(WHAT NEEDS TO BE DONE): Output each line of the data below exactly, omitting any image.

(INFORMATION SHOWN):
==*==
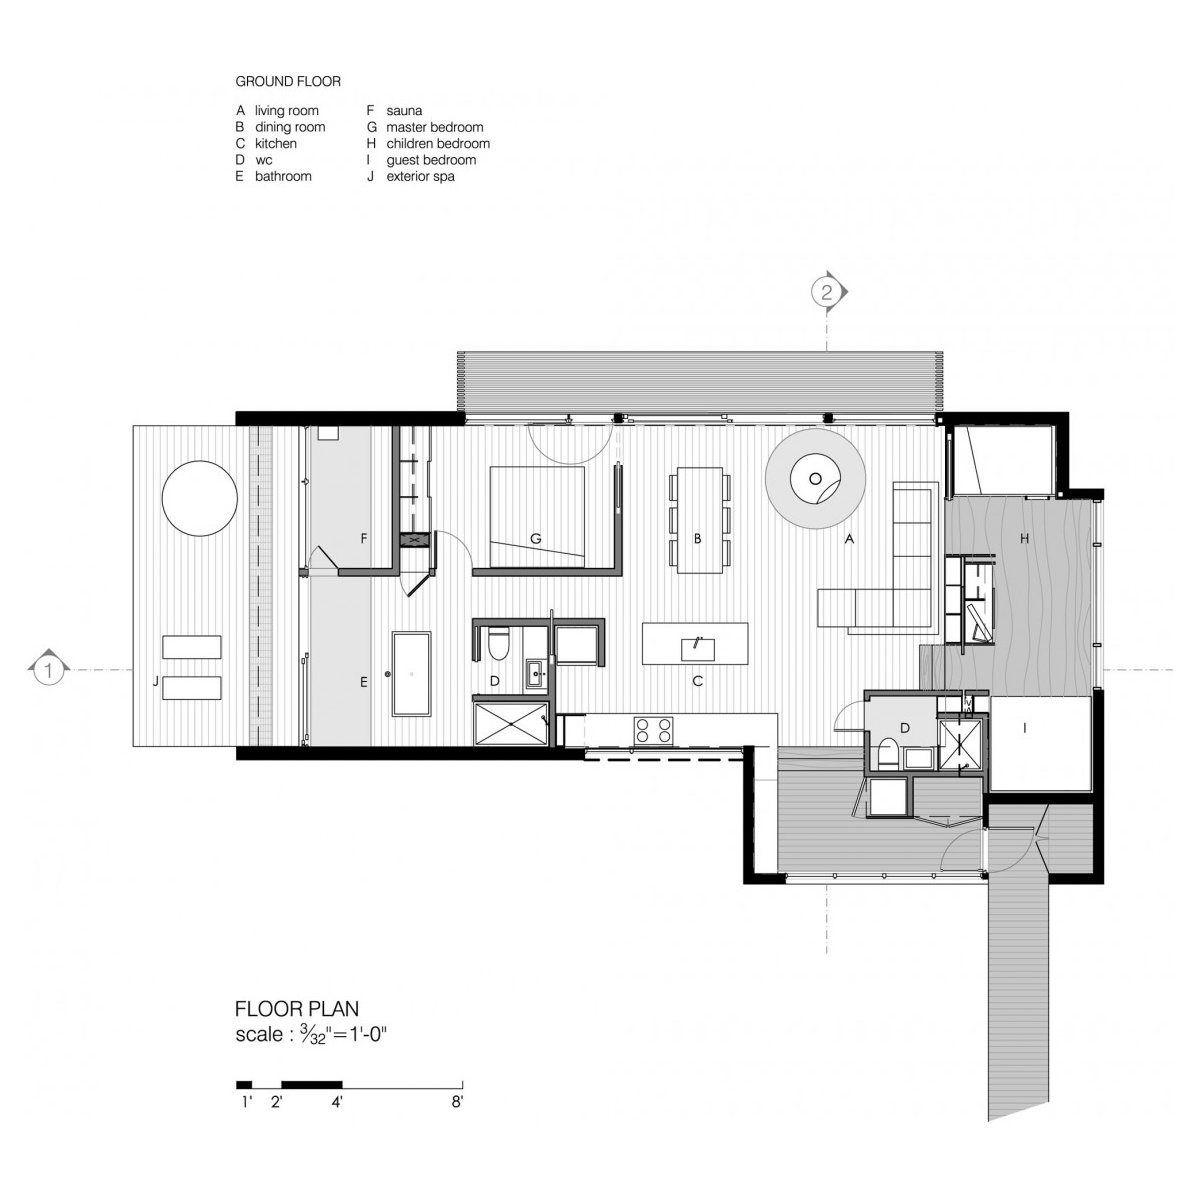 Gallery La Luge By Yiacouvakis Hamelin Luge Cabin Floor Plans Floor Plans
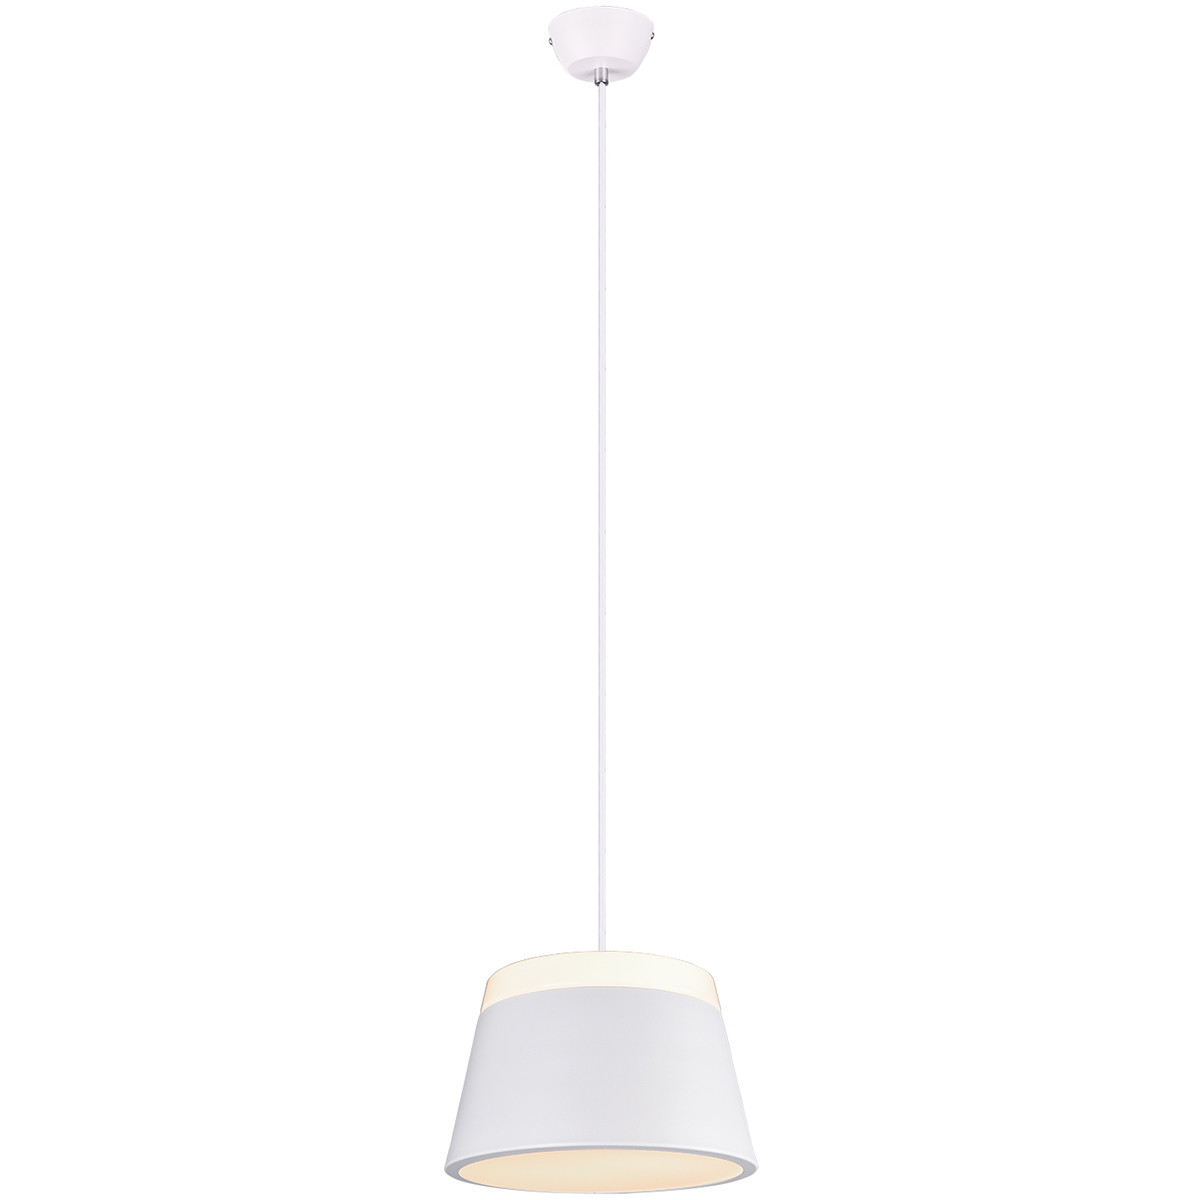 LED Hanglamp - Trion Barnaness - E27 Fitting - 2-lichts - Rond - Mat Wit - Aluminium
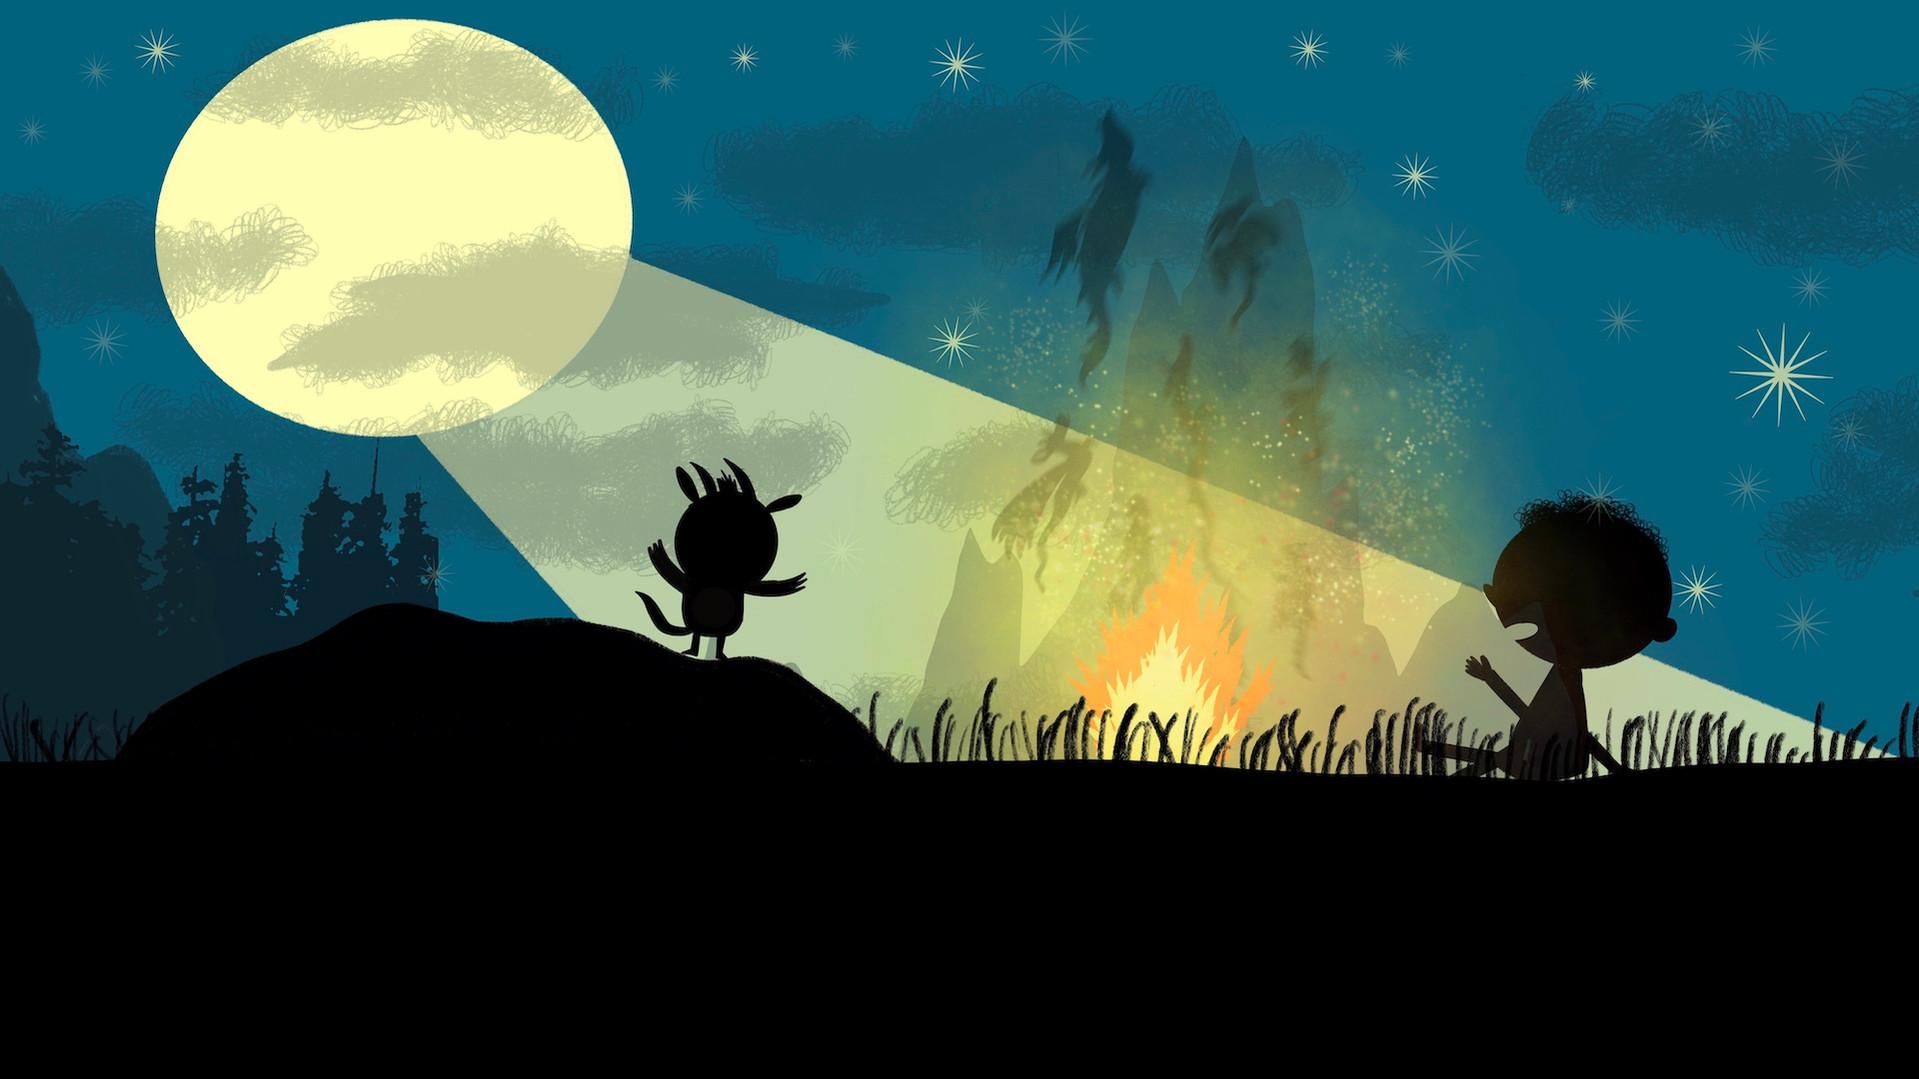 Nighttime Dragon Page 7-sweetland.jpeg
==*==
(TASK RESPONSE):
 Gallery La Luge By Yiacouvakis Hamelin Luge Cabin Floor Plans Floor Plans
 LED Hanglamp - Trion Barnaness - E27 Fitting - 2-lichts - Rond - Mat Wit - Aluminium
 Nighttime Dragon Page 7-sweetland.jpeg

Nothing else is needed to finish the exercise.